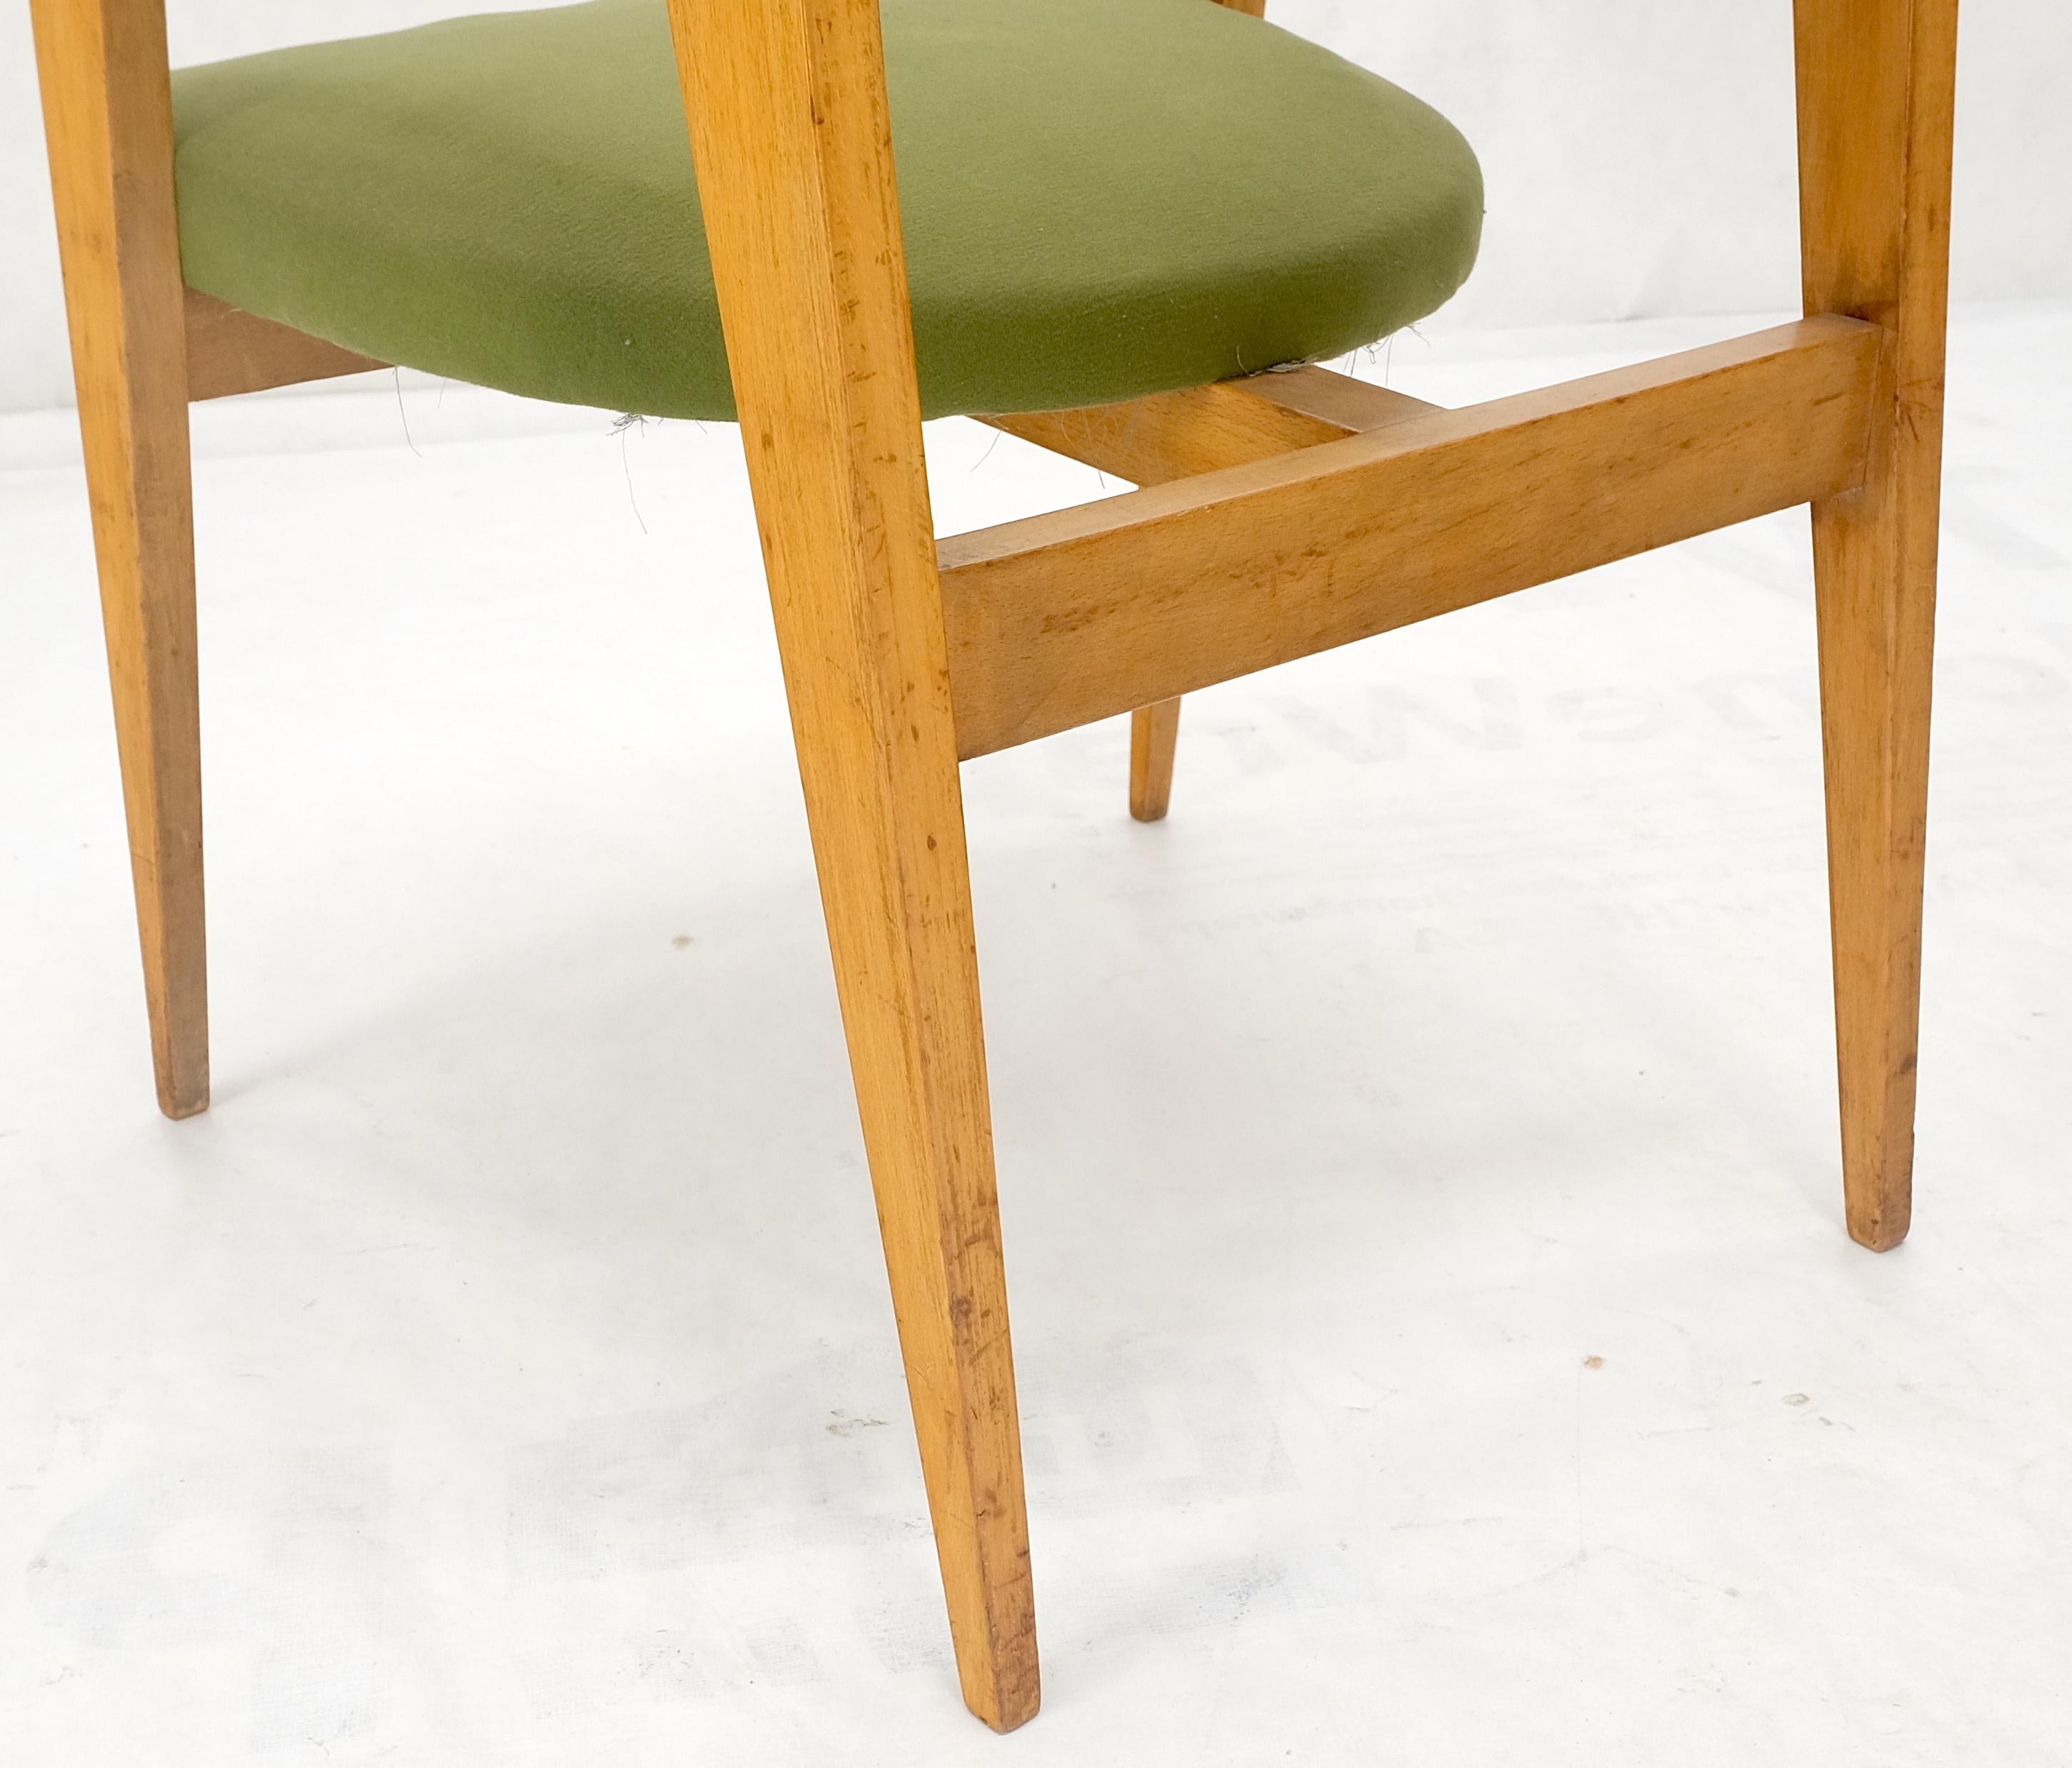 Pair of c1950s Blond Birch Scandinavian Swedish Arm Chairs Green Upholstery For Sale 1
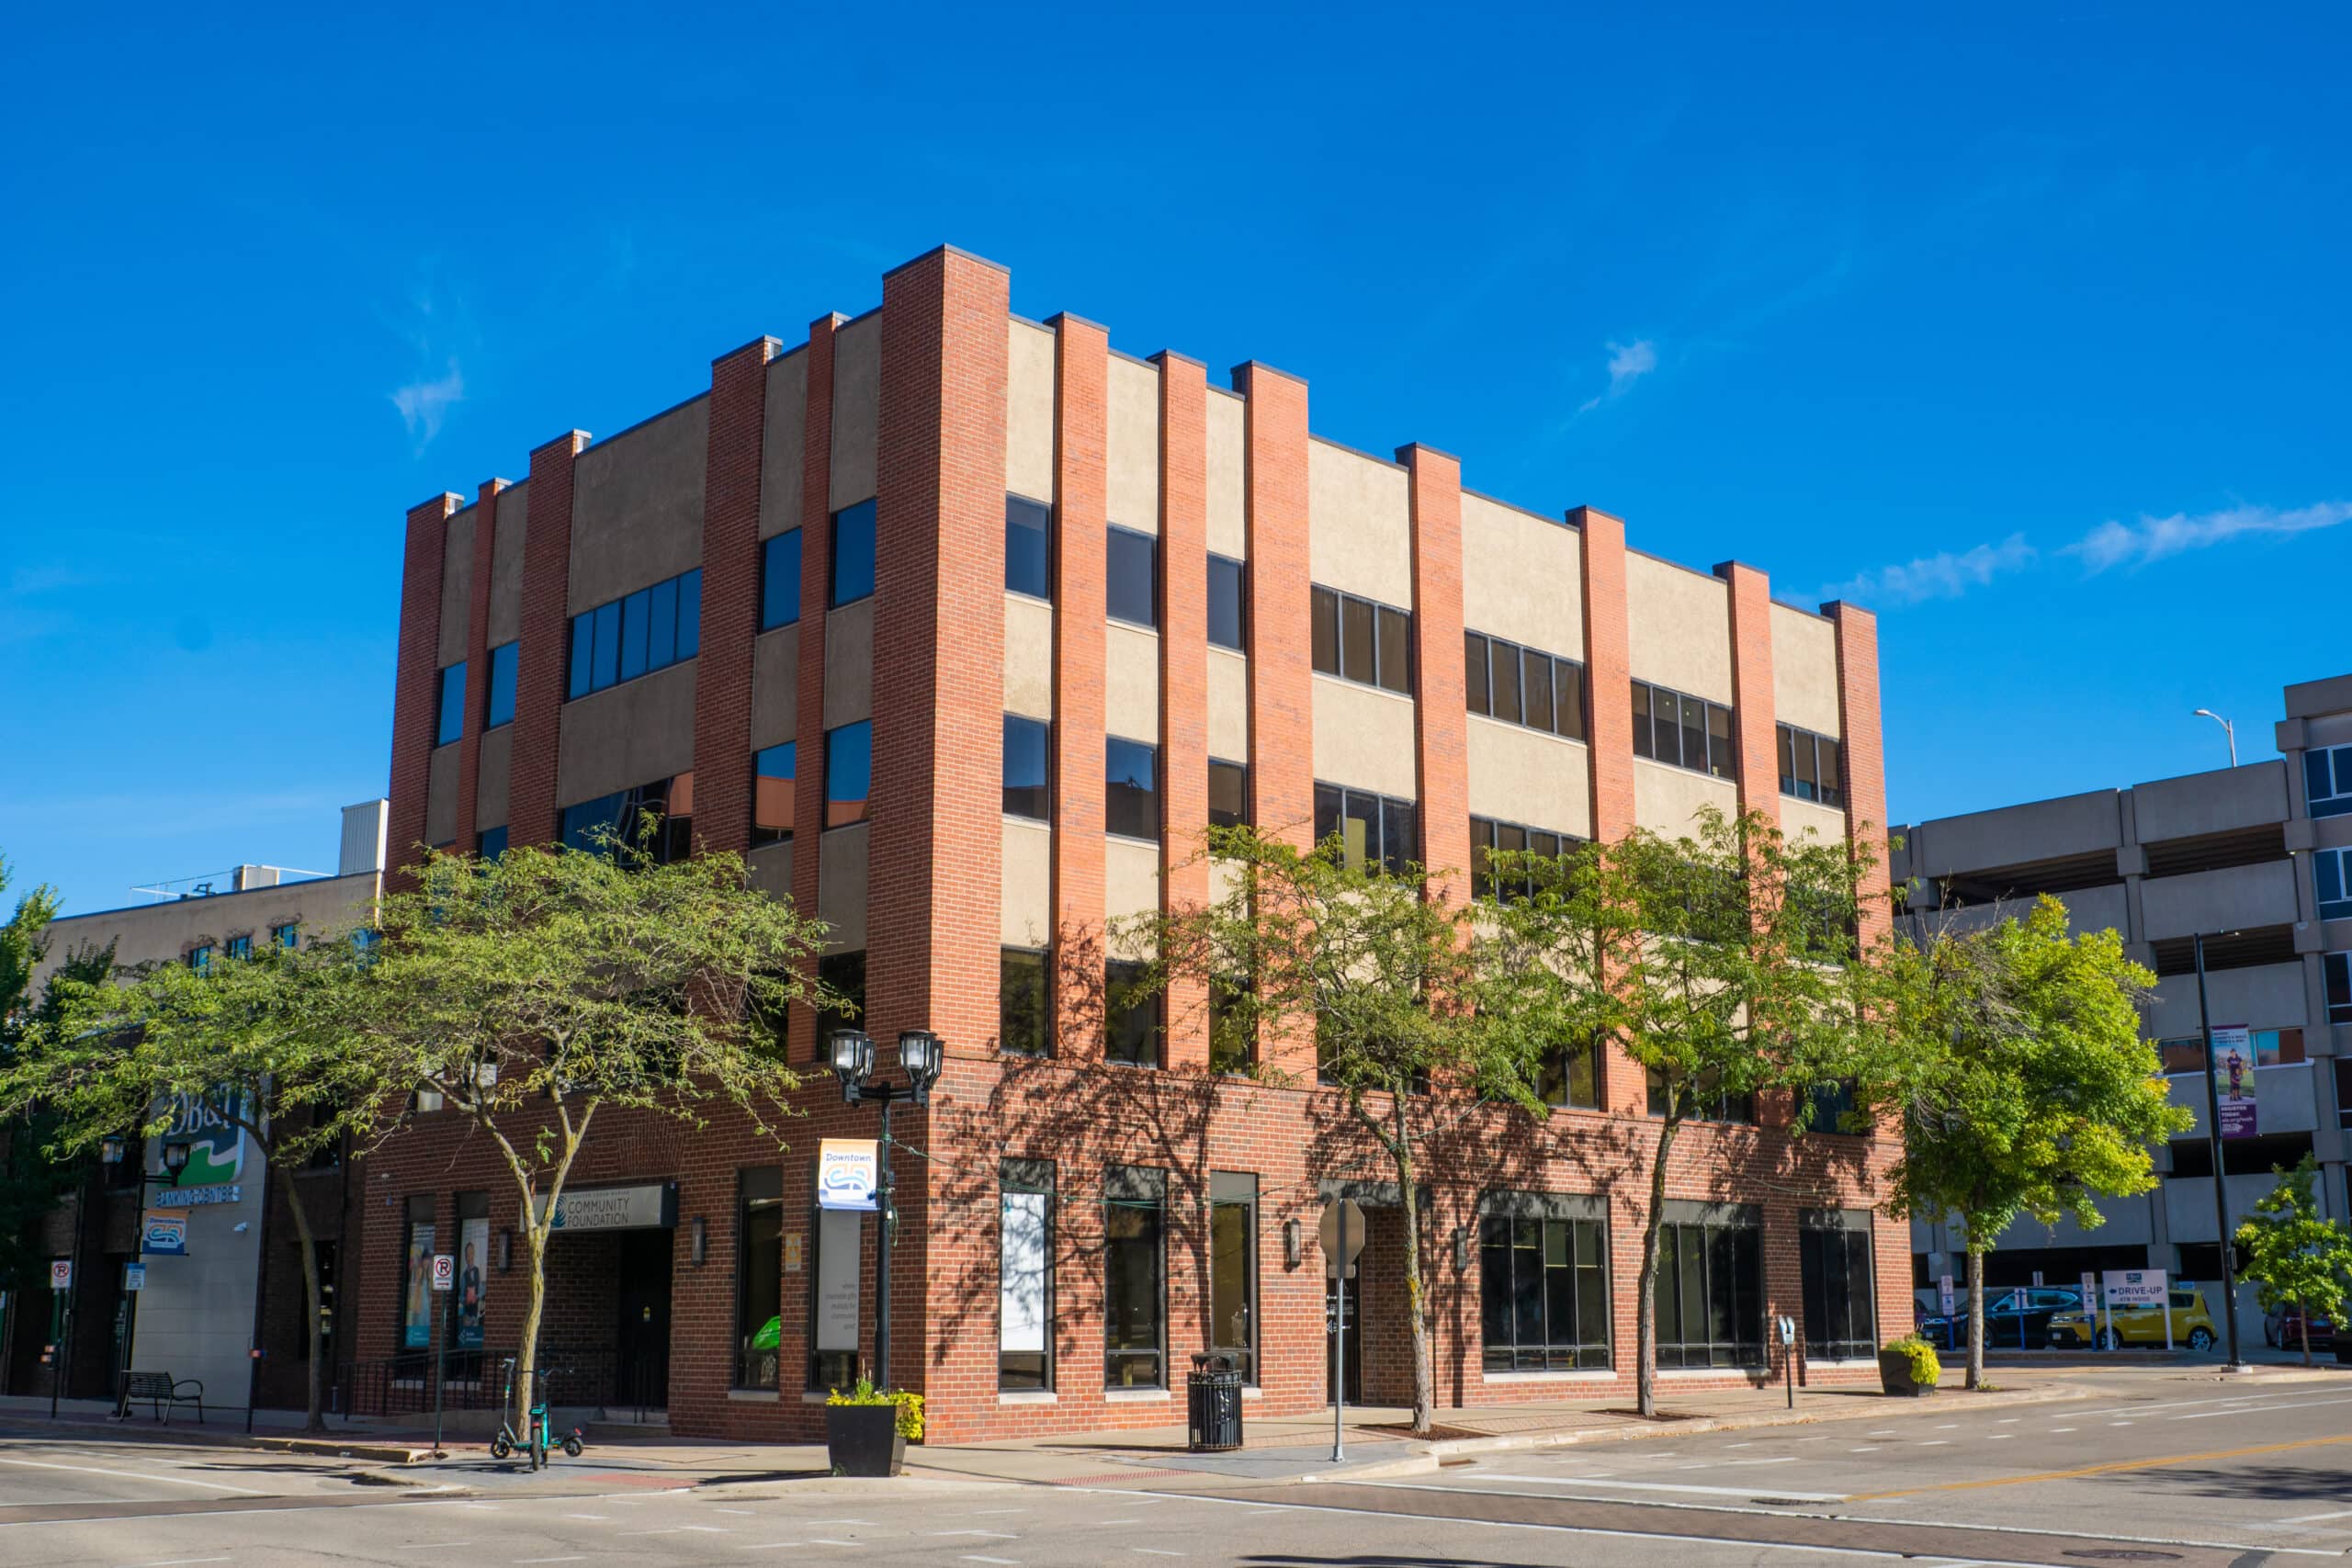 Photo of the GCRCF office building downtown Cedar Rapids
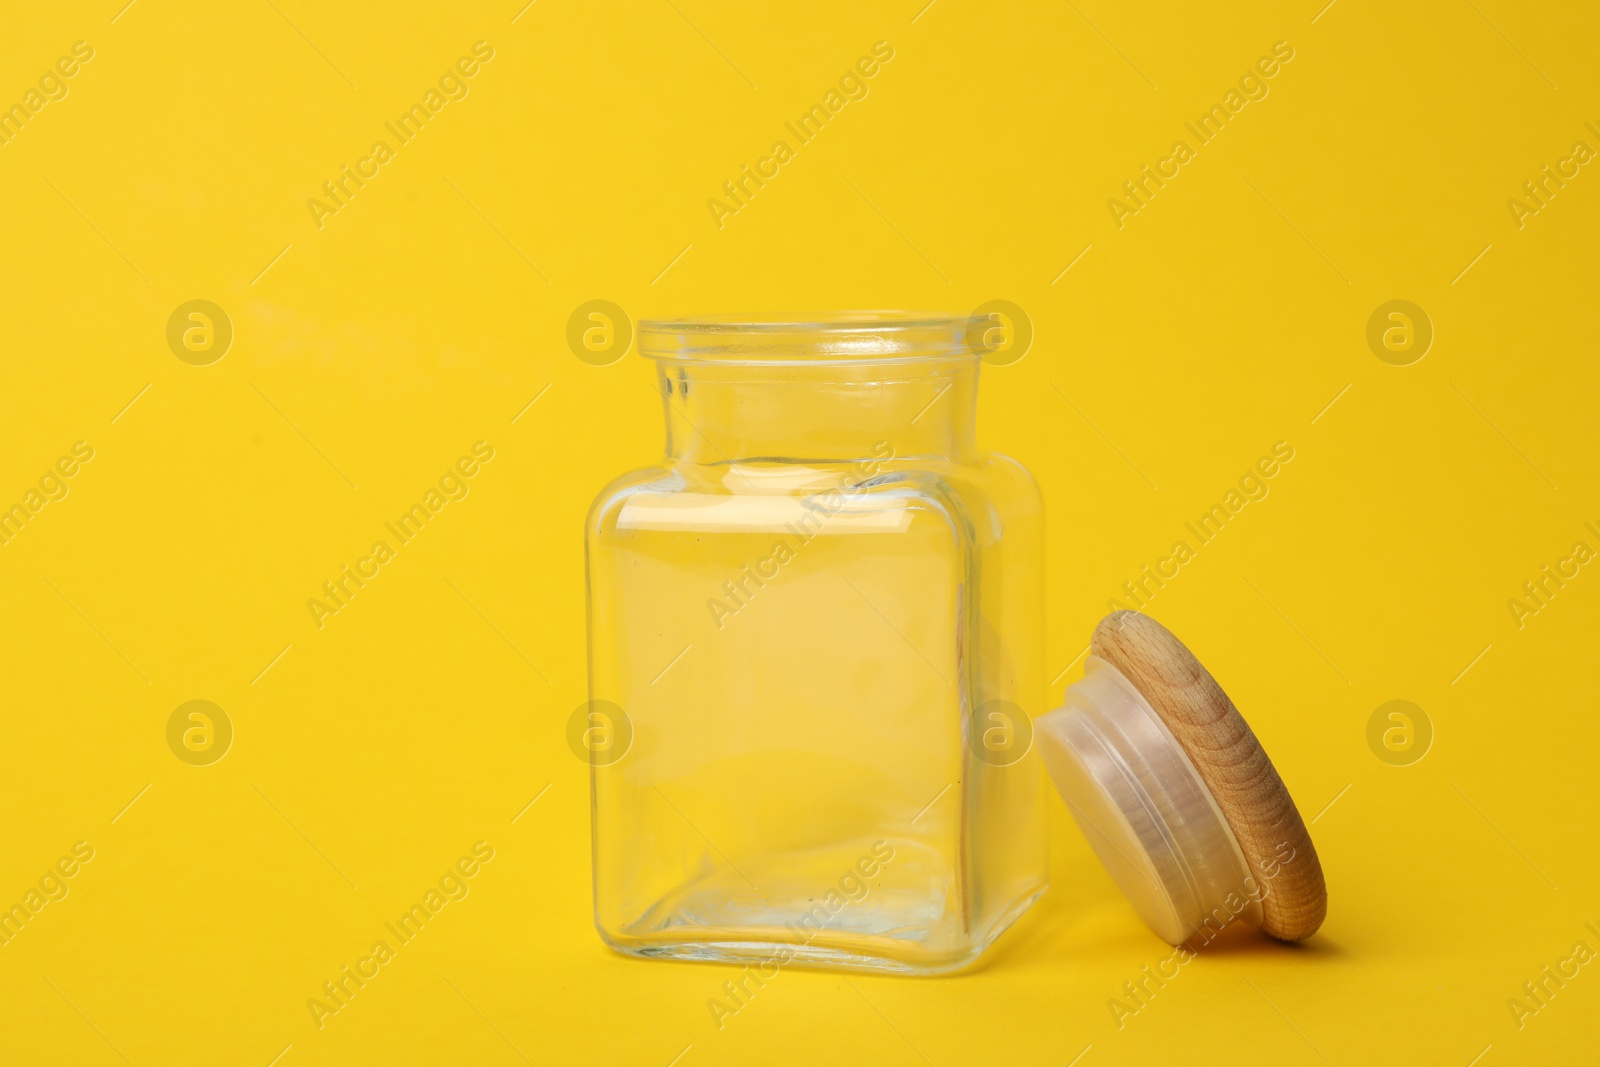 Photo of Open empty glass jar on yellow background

### Task item
Would you set down, word for word, the lines running from the one that contains "Photo of the" to the last line of the material, omitting all pictures?

### Response to the exercise
 Photo of the GCRCF office building downtown Cedar Rapids
 Photo of Open empty glass jar on yellow background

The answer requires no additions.